**TASK PROMPT:** Set down exactly the lines that run from the one containing "Kiki Ruffle Maxi" to the end of the material below, both included, without pictures.

**INFORMATION SUPPLIED:**
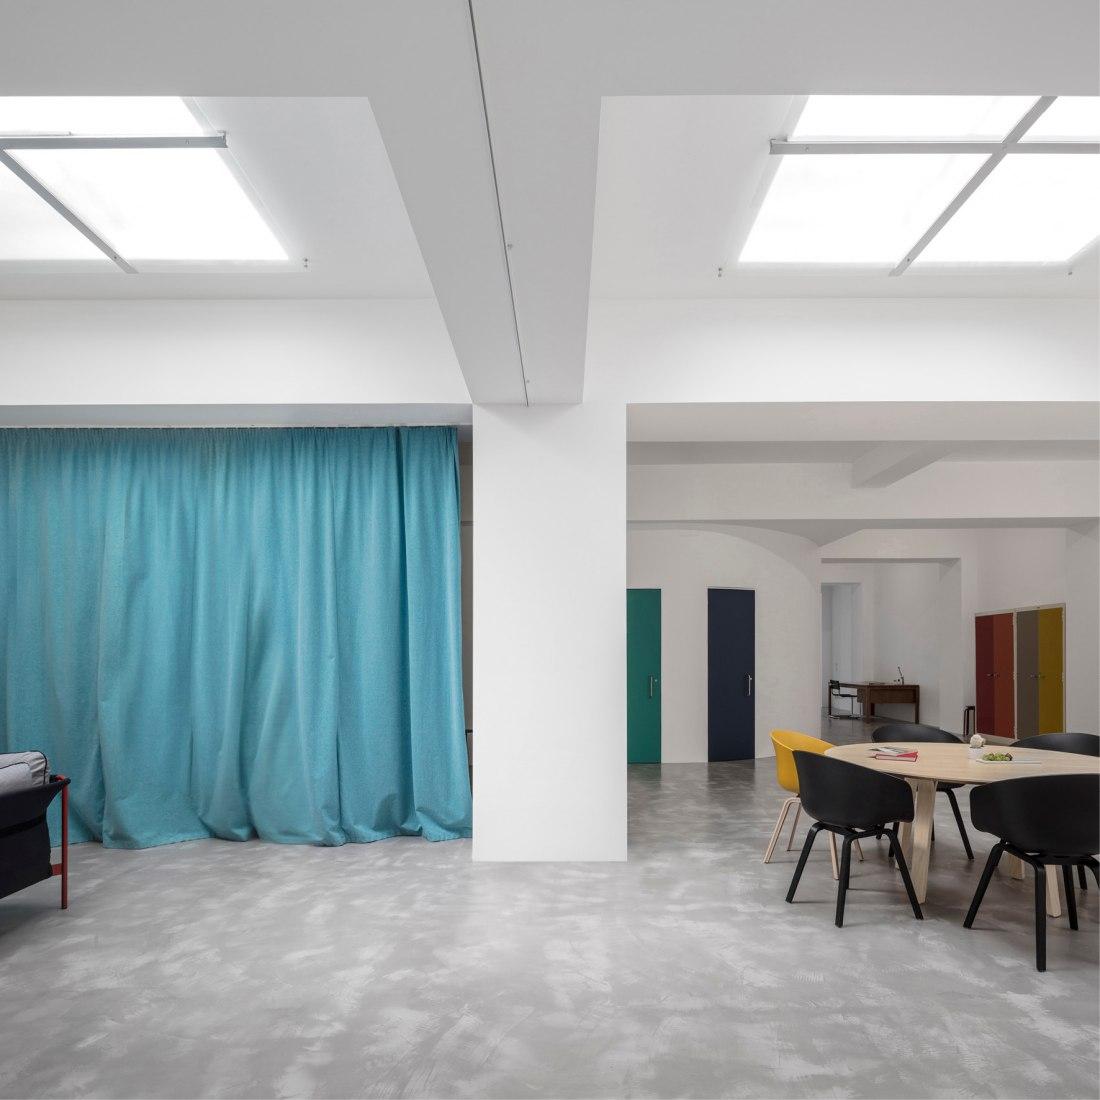 De garaje a vivienda por Fala Atelier. Fotografía © Fernando Guerra. FG+SG
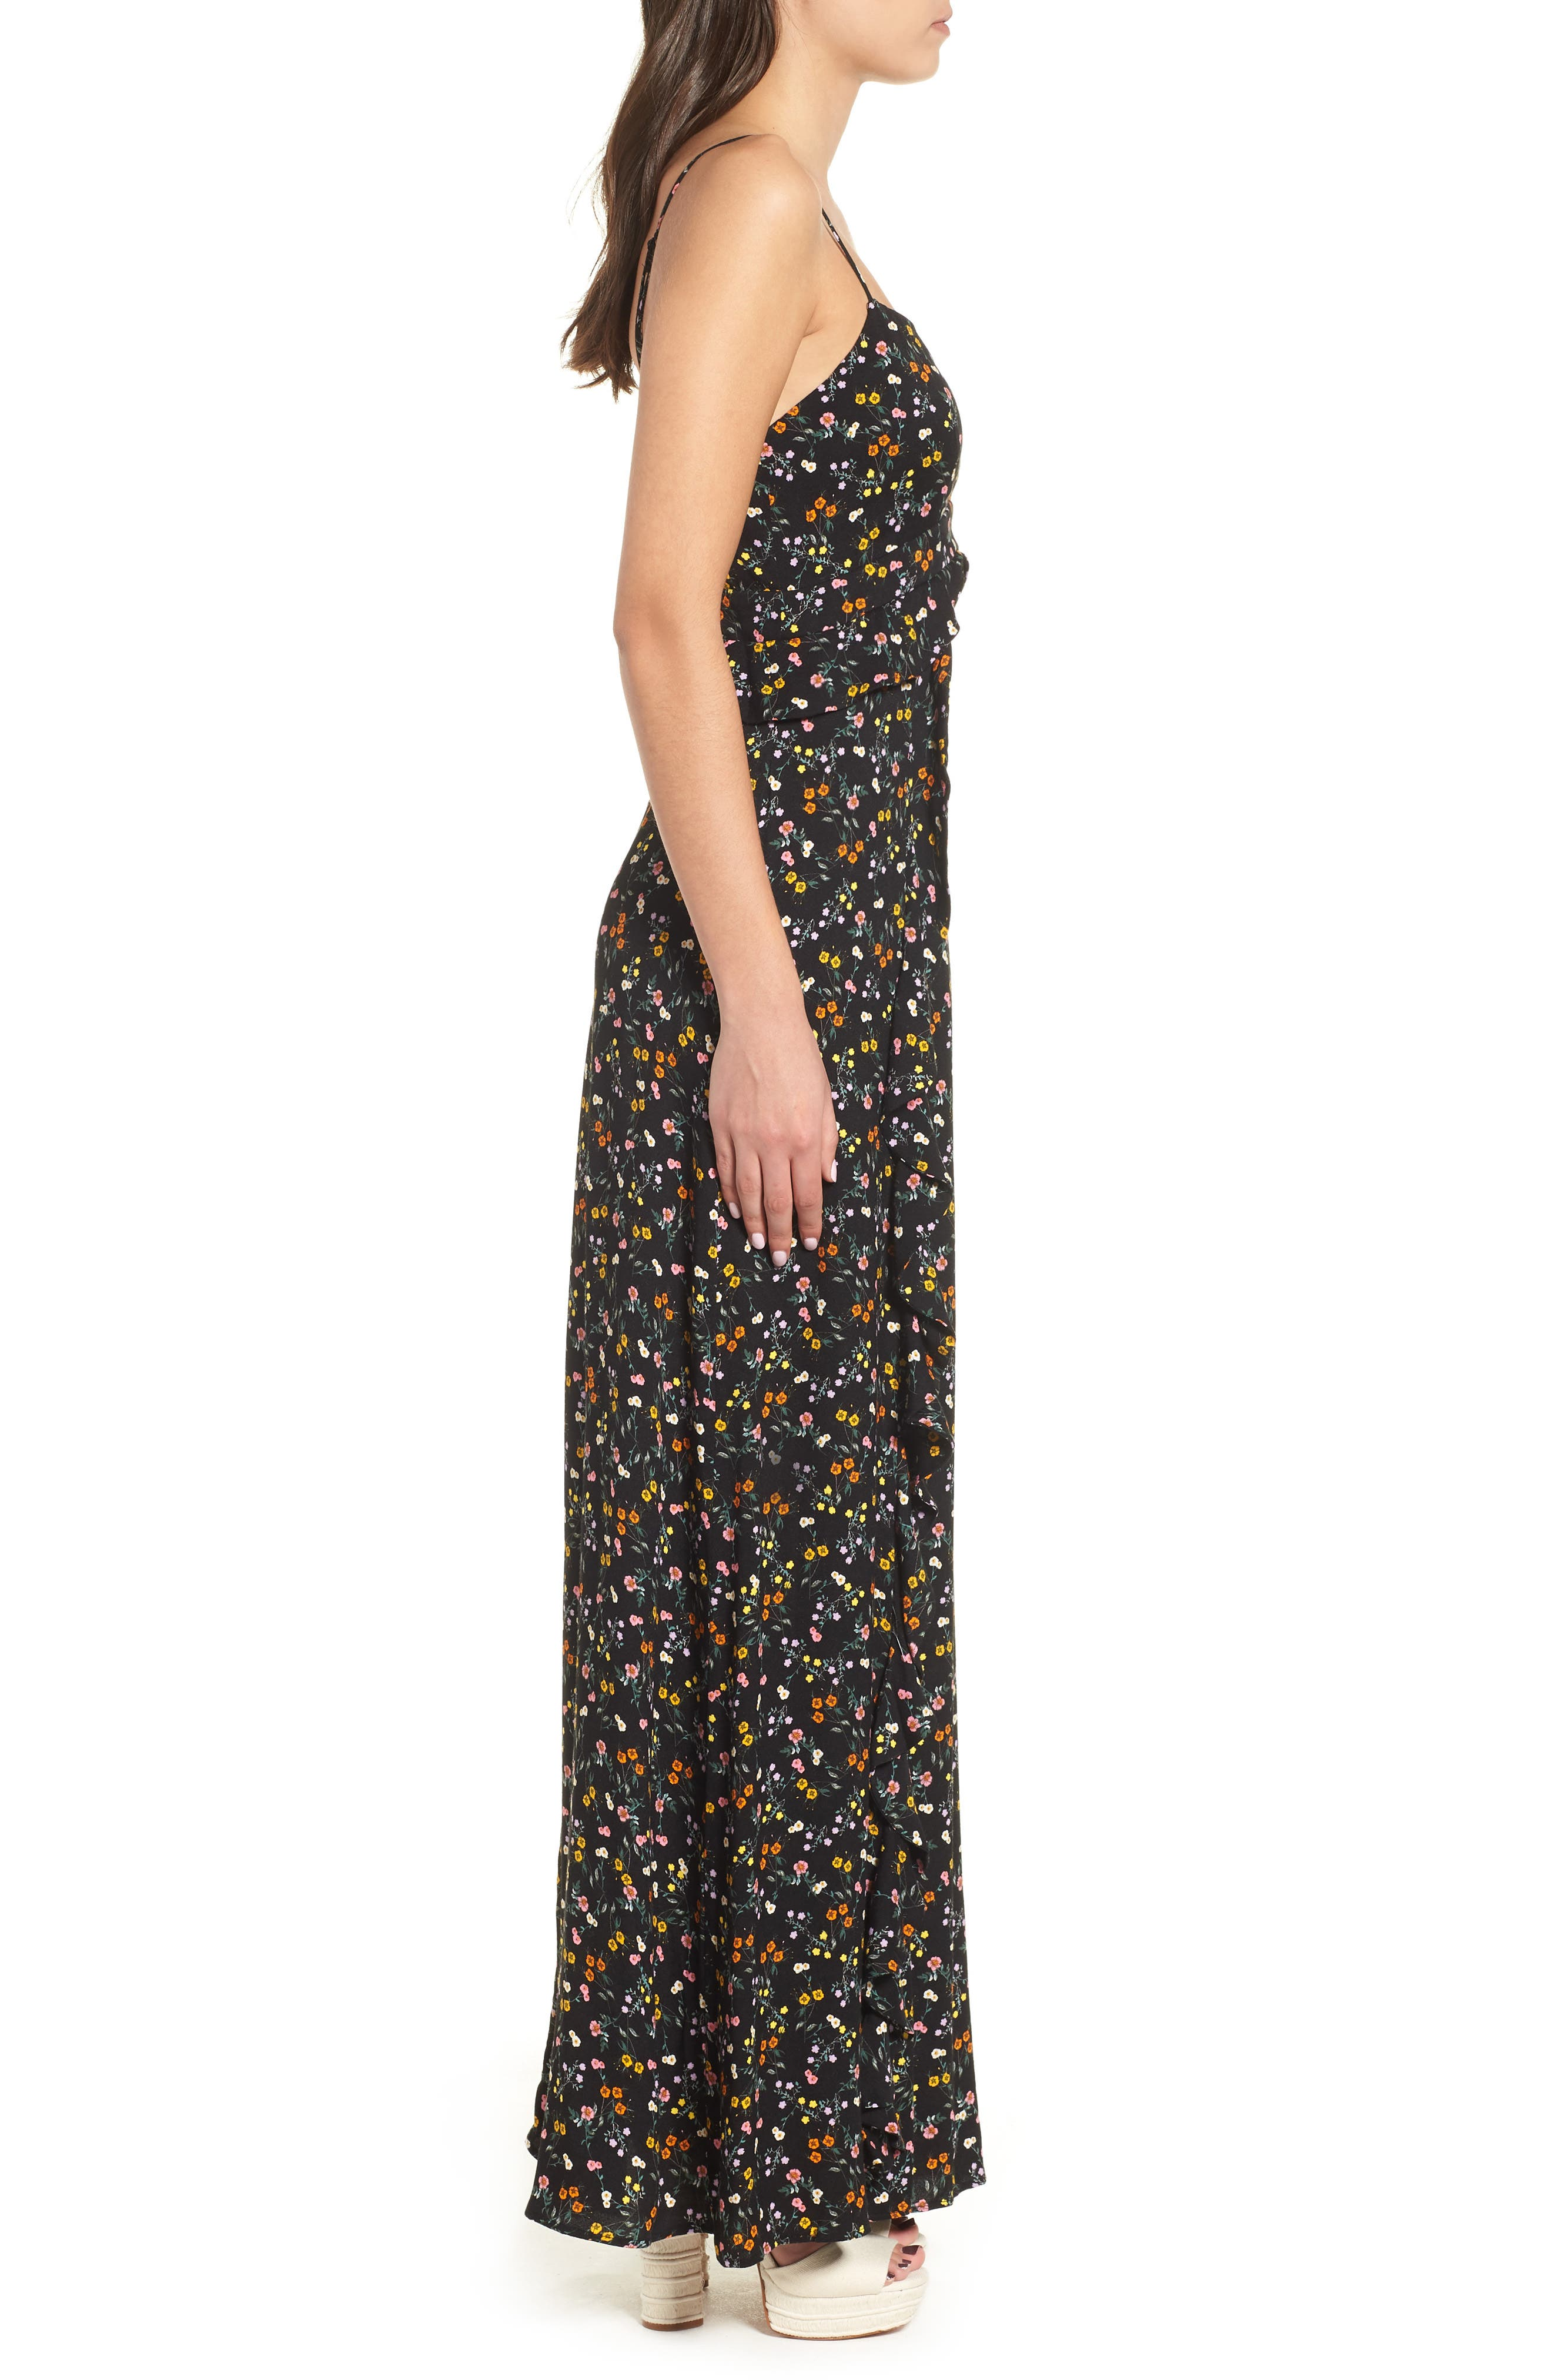 Kiki Ruffle Maxi Dress,                             Alternate thumbnail 3, color,                             Noir Petite Fleur
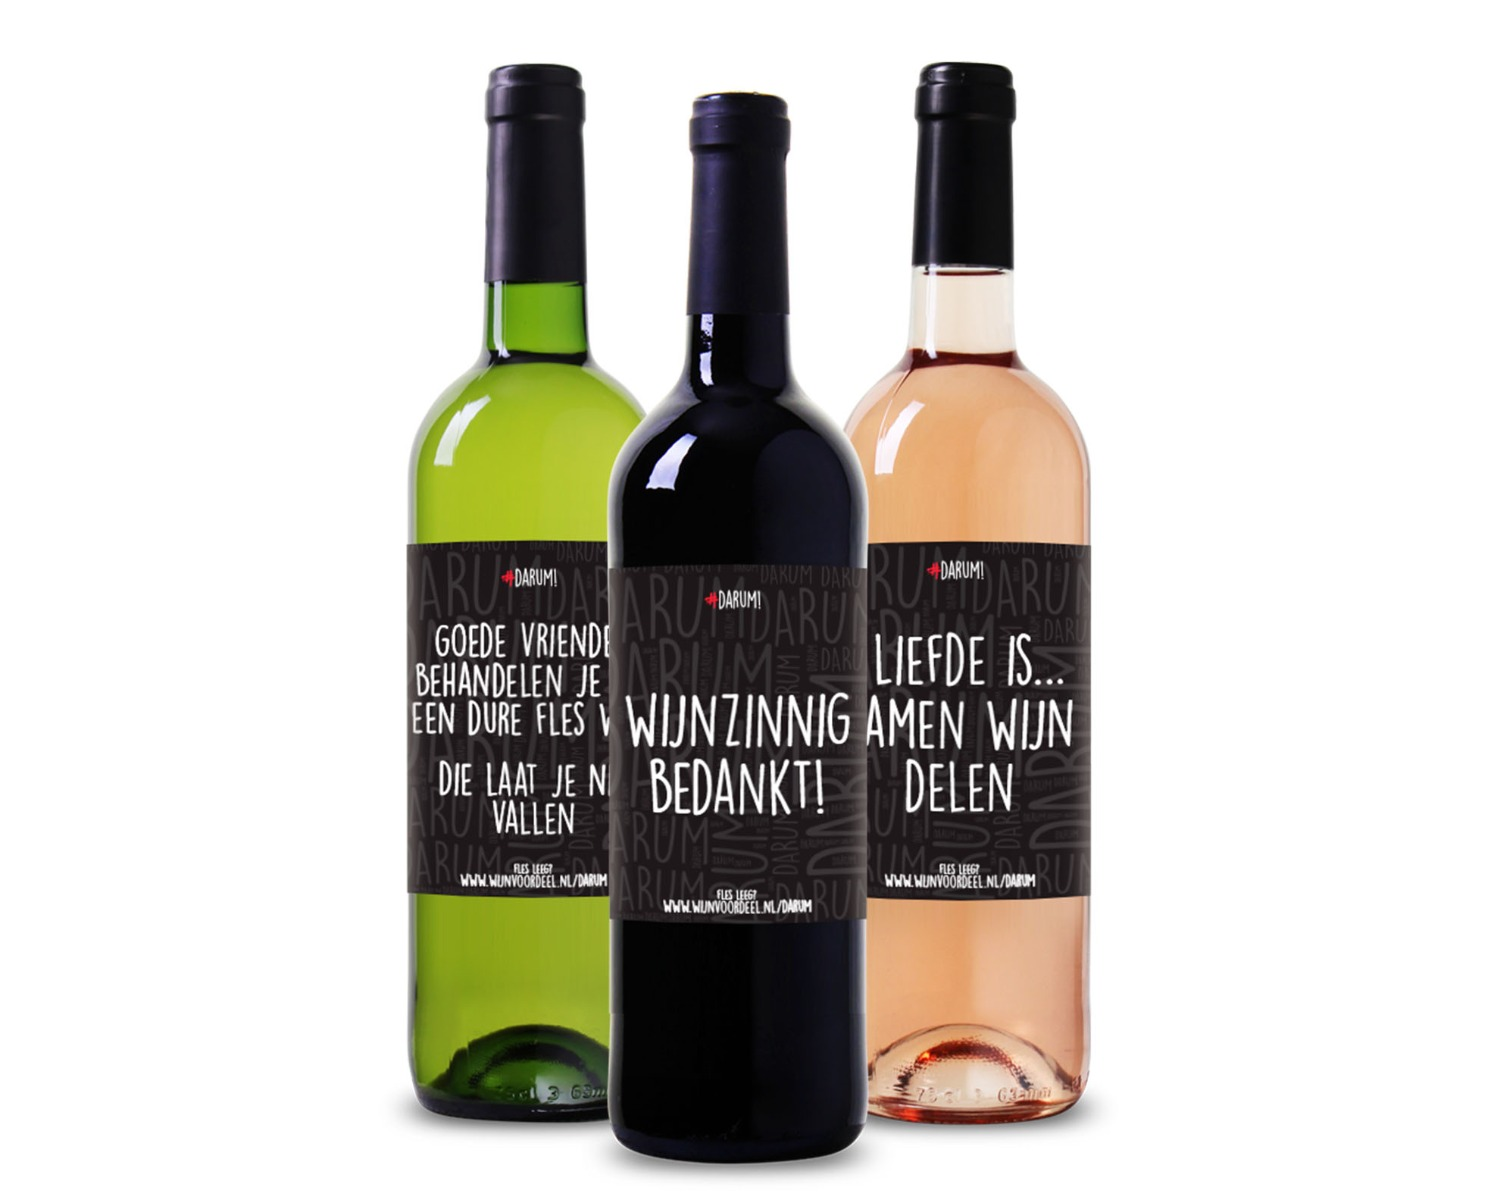 #Darum Wijnpakket Mix
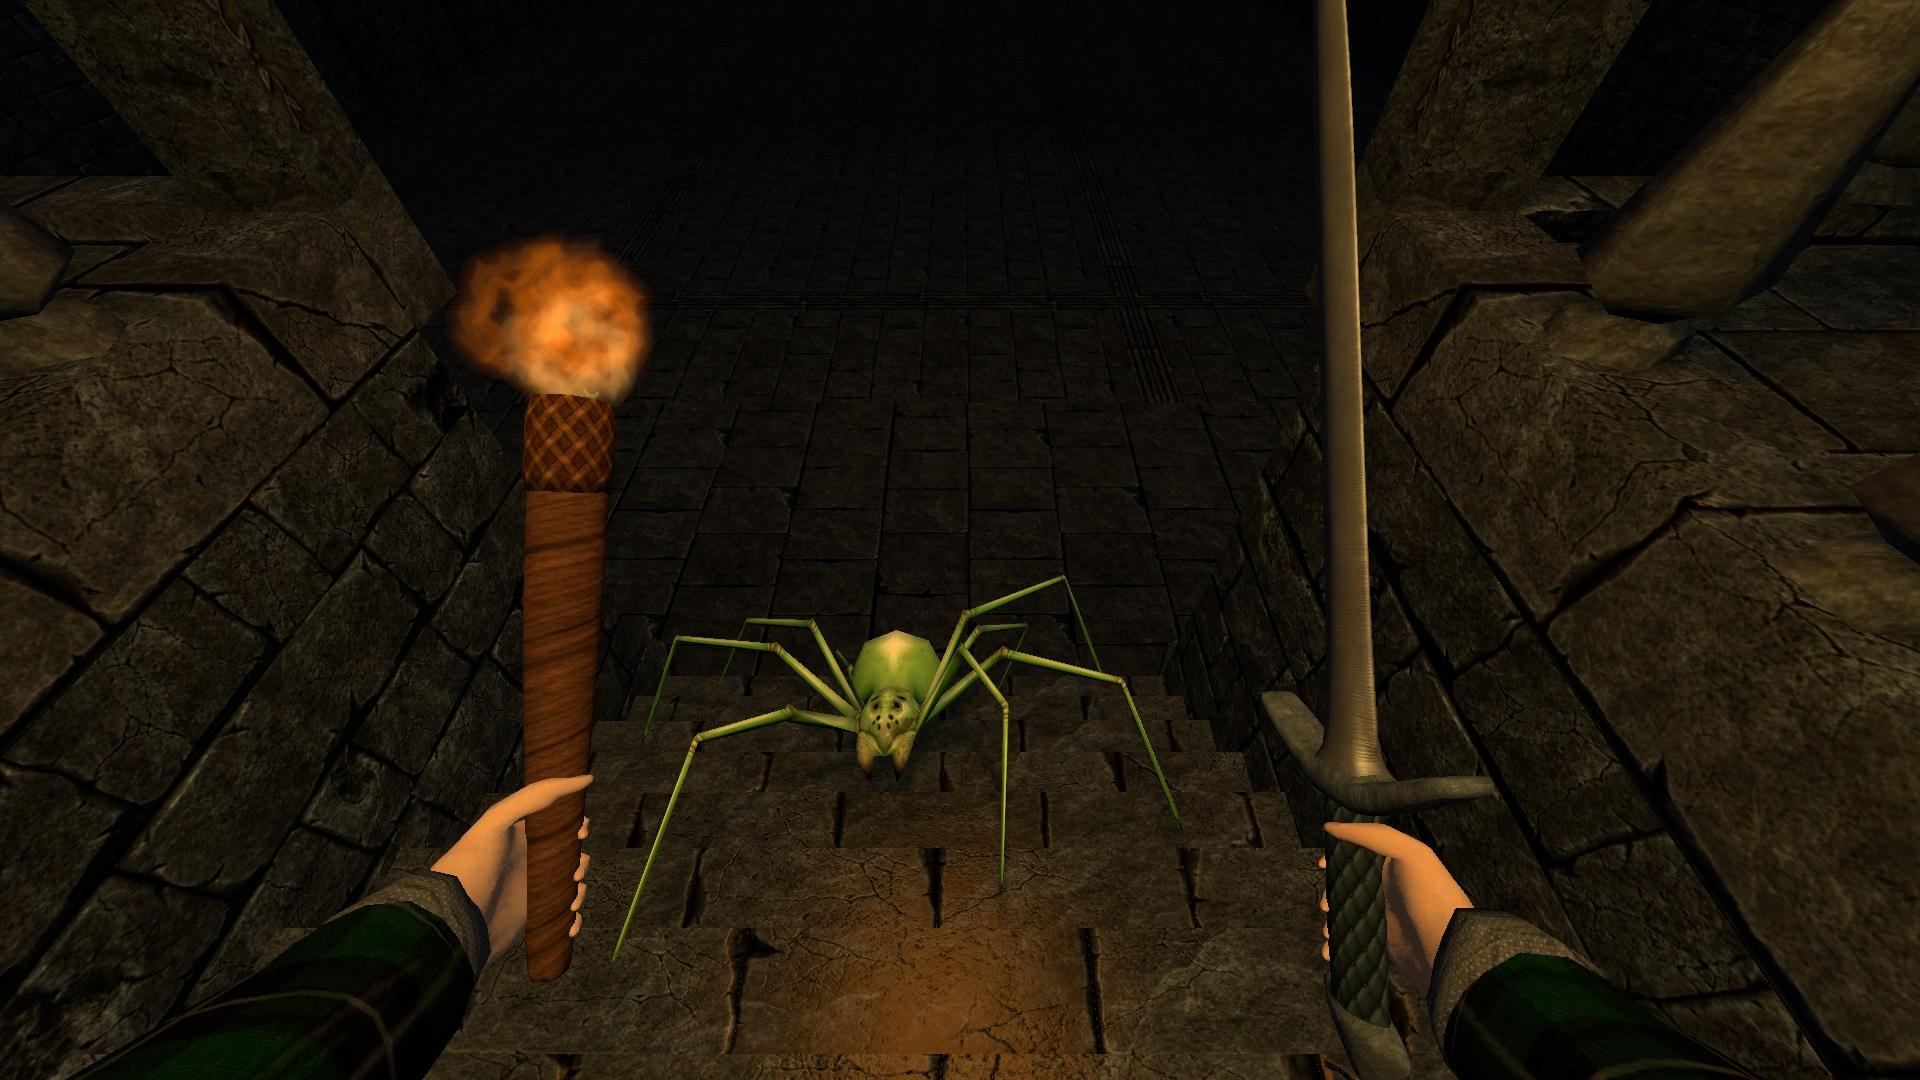 CT091 Sword SpiderOnStairs

**TASK SOLUTION:**
 Kiki Ruffle Maxi Dress,                             Alternate thumbnail 3, color,                             Noir Petite Fleur
 #Darum Wijnpakket Mix
 CT091 Sword SpiderOnStairs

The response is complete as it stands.